Потом он перевернул упавшего. Длинное асимметричное лицо, длинные, плохие и удивительно неровные зубы… Никогда не видел.

Оторвав от гардины шнур, Серегин связал лежащему руки и от узла накинул на шею удавку — чтобы не освободился. Потом ножичком разрезал ему штаны сзади — от ремня (хороший ремень был, кстати…) до колена. Теперь подонку никуда не деться…

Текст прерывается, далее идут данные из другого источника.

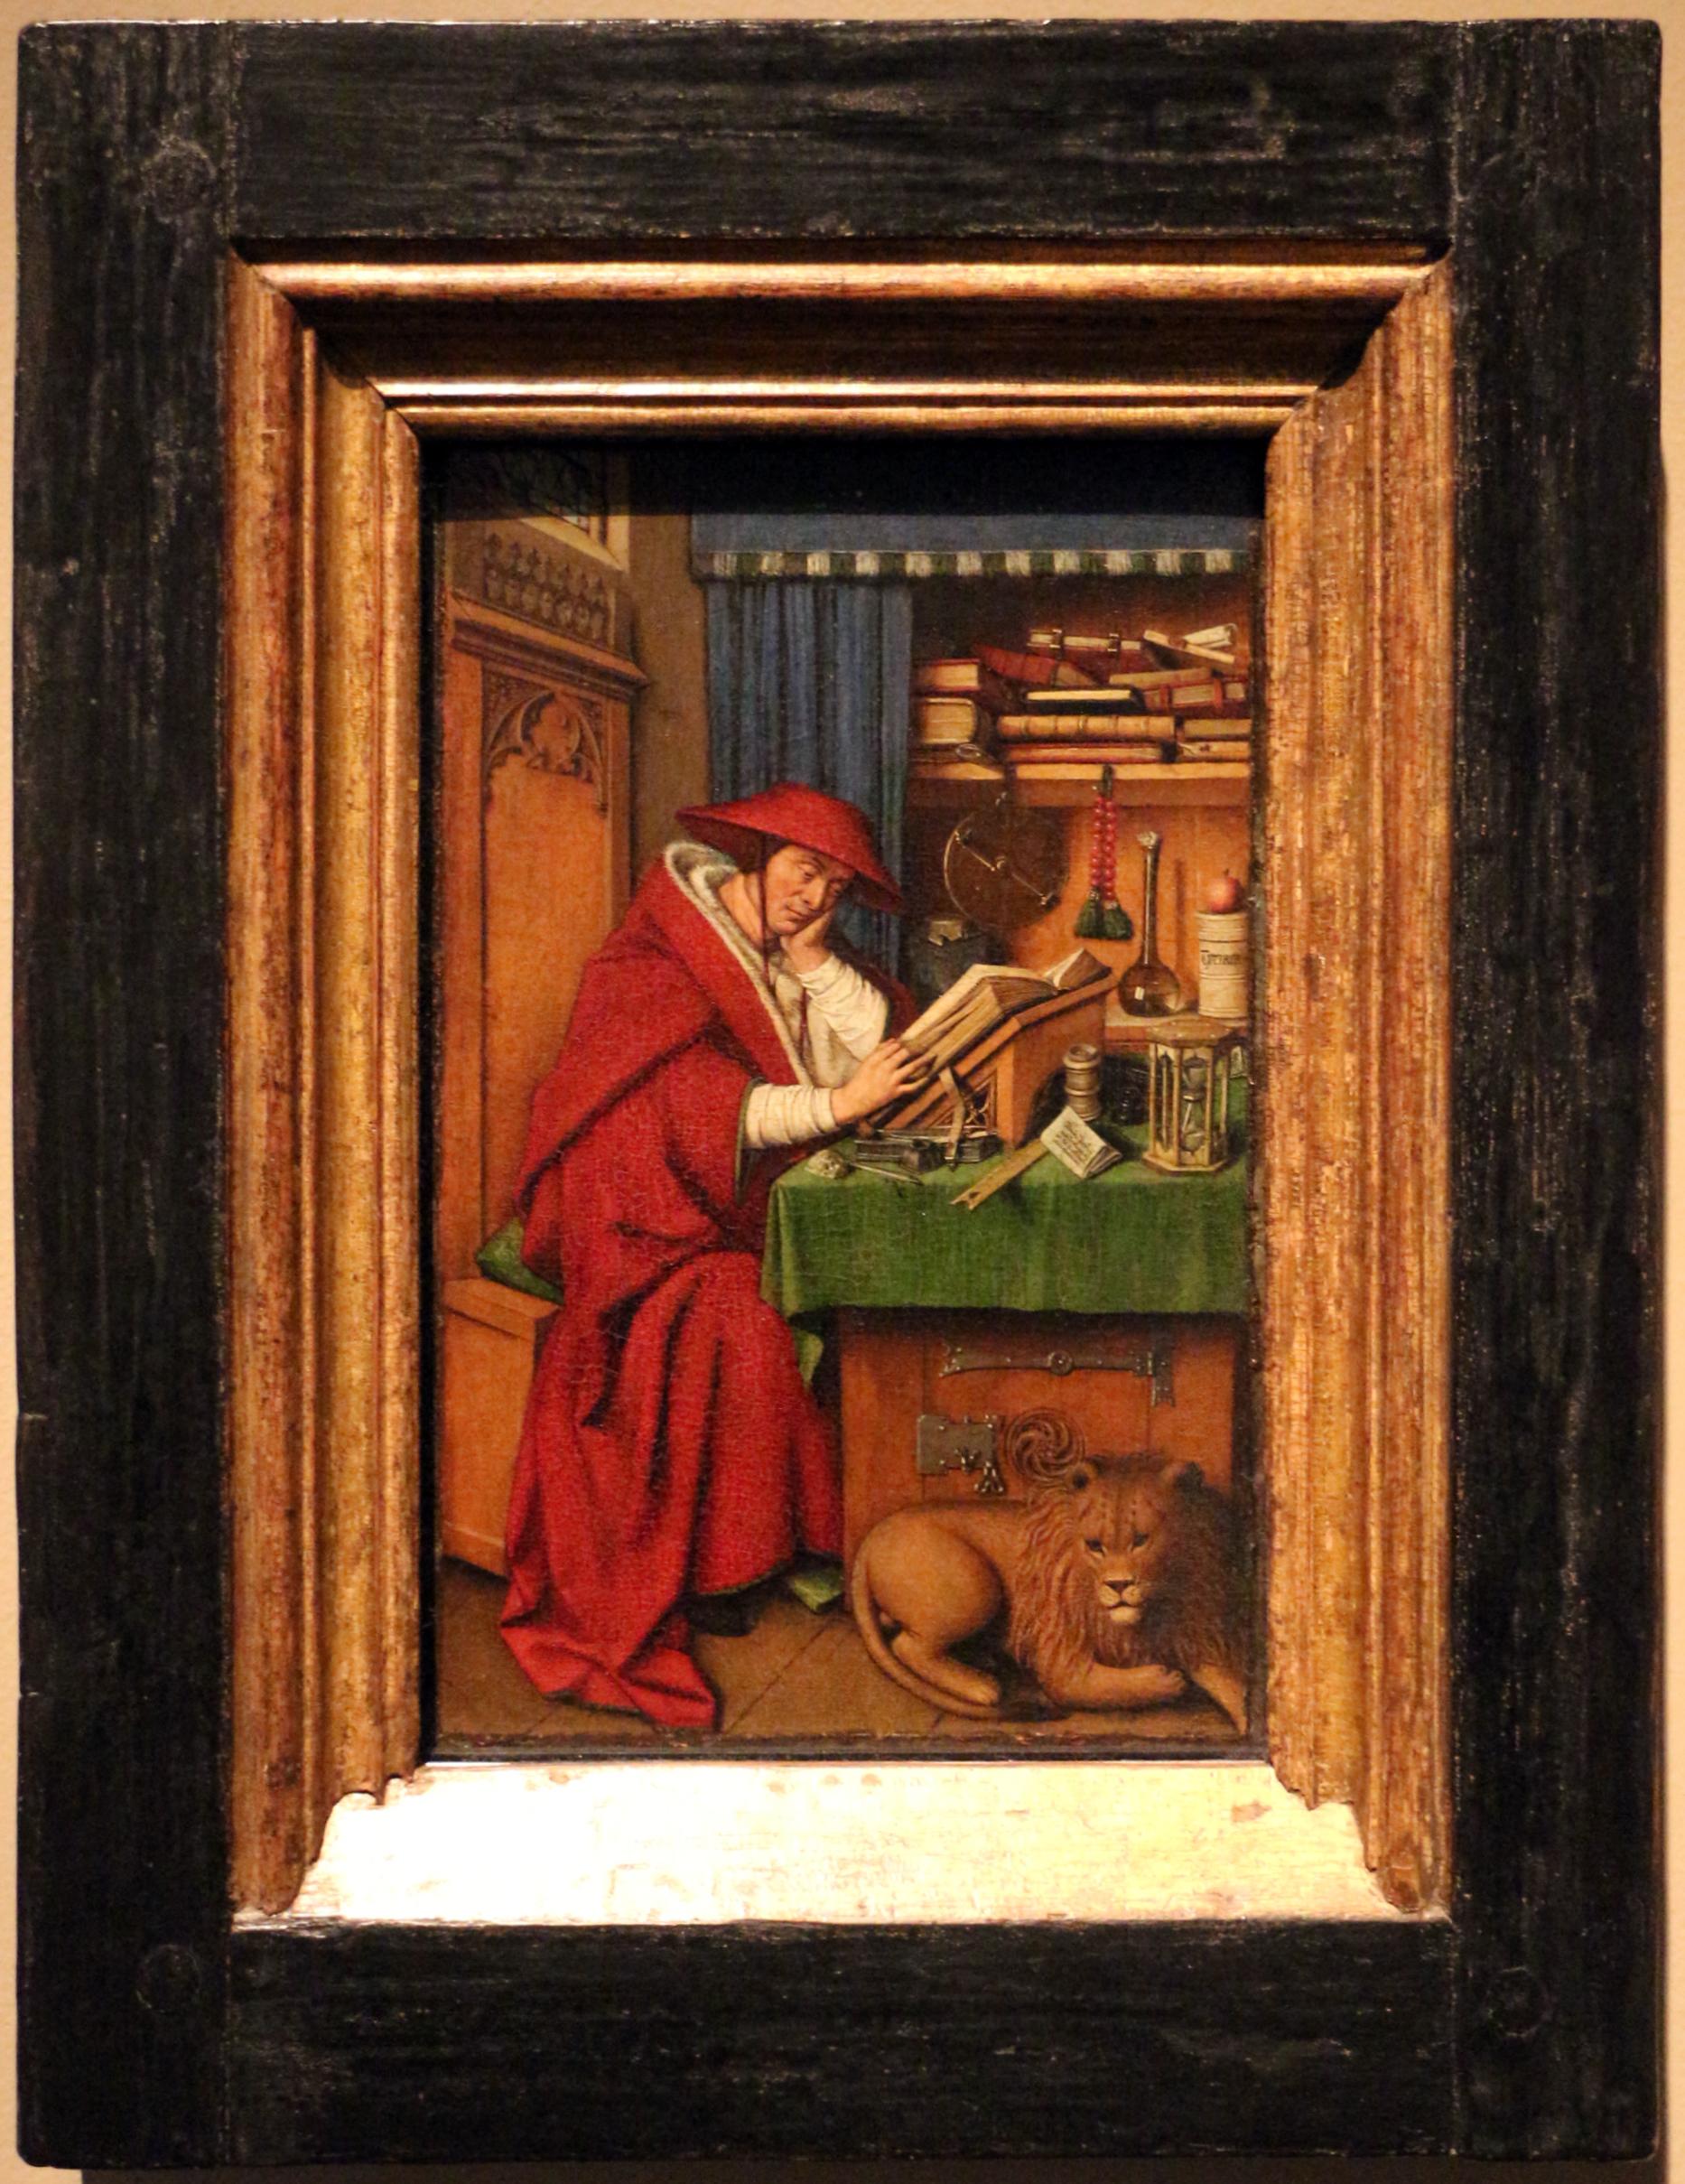 Wonderbaar File:Jan van eyck, san girolamo nello studio, 1435 ca. 01.jpg CL-13

То, что в каморке стало темнее, он заметил, но оборачиваться не стал — дал тому, кто появился в дверях, возможность замахнуться. Потом кувыркнулся назад и ударил ногами в проем двери, как раз в живот тому, кто в дверях стоял. Здоровенный кабан, кого полегче такой удар впечатал бы в стенку, а этот только отступил на шаг и согнулся, обхватив брюхо.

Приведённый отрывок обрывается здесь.